In the last couple of weeks the number of migrants has steadily grown and in the past couple of days I have seen at least a few hundred people walking on my fifteen-minute drive home. A path just before the immigration kiosk has been forged so that they can avoid it altogether. 

Yesterday I stopped and asked a group where they were from just before they got on the avoid-immigration kiosk path through the bushes. 

“Haiti” one man responded.

“où allez vous?” I asked

“Les Etats-Unis” he said.

This morning while driving back in to work, moving in the same direction as the walkers, I stopped for two women.

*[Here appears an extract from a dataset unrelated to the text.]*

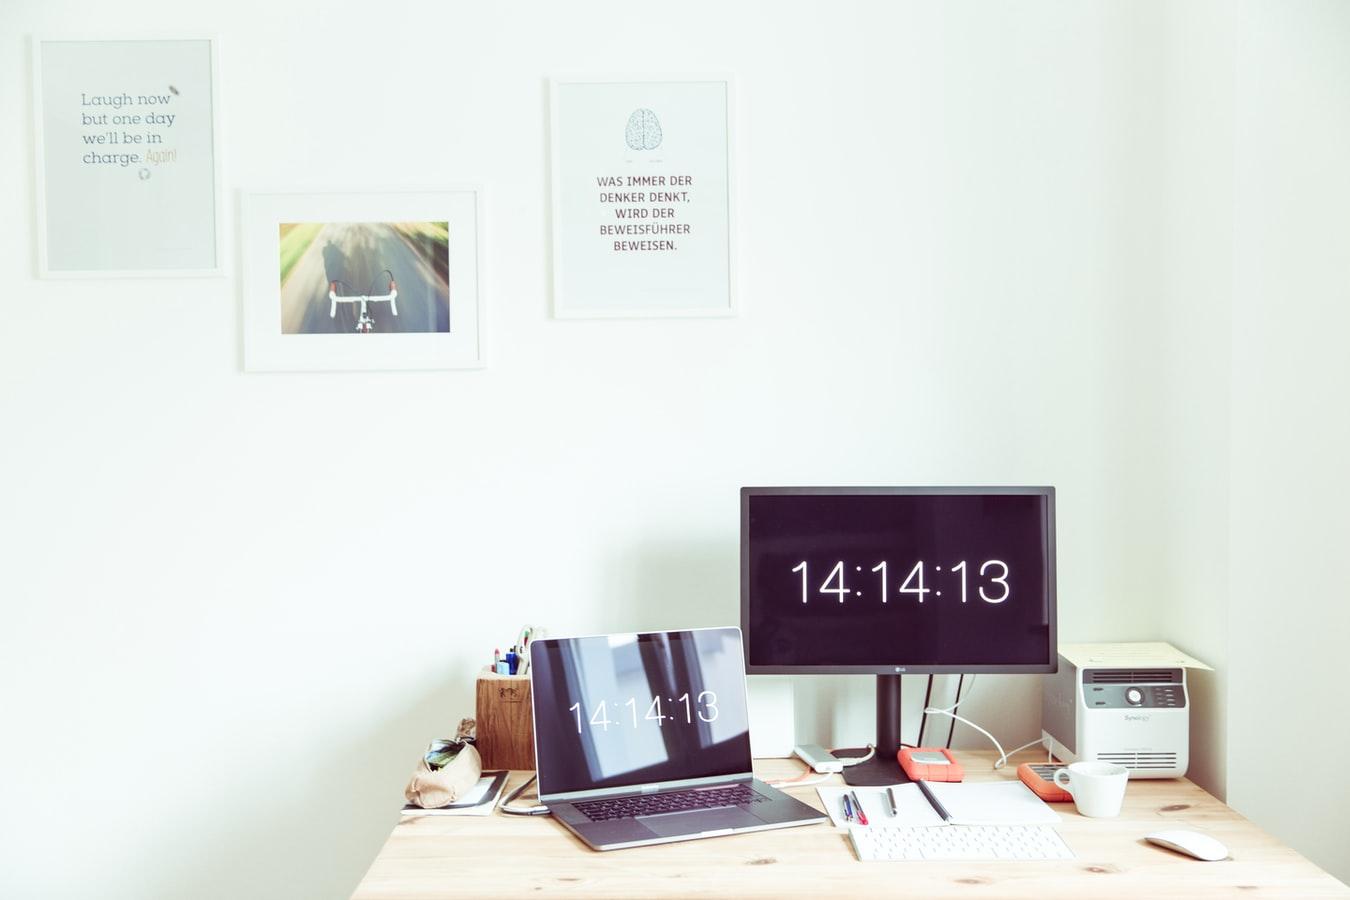 Le site internet pour entreprise et le chatbot, une nécessité aujourd'hui

They climbed right in my car with a small baby and a few meters later we picked up a young man. I asked if they were from Haiti and they said they were from Guinea. 

The immigration kiosk was just up ahead but we weren’t stopped, to be fair the two soldiers standing in front of it looked resigned to their inability to do anything.

We stopped just off the highway in Copalita and had breakfast. Guinea is 9345 km from Huatulco. Over breakfast we exchanged names and phone numbers. 

Mari Assi, a robust young woman with a burn scar covering one hand and forearm was wearing sandals and carrying her 19 month-old daughter Fati. Her traveling companion was Aminata who had left her 13-year old daughter back in Guinea and the young man was Osmane. While French is the primary language in Guinea, due to its colonization by the French, their speech was also peppered with words of a language I didn’t know. They flew from Guinea to Nicaragua and had been walking/taking buses/ hitchhiking for 12 days. Their final destination goal: New York.

If you watch the news it will tell you about the atrocities happening in other parts of the world- military coups, crime, instability, places where women being raped is a regular occurrence. I don’t need look at the news to understand the why of what brought Mari Assi, Aminata, Fati and Osmane to be on the same road as me. I only need to look at their inadequate footwear, their clothes that have leaves sticking to them from sleeping in the bushes, to know they deserve more… more help… more humanity… and more compassion.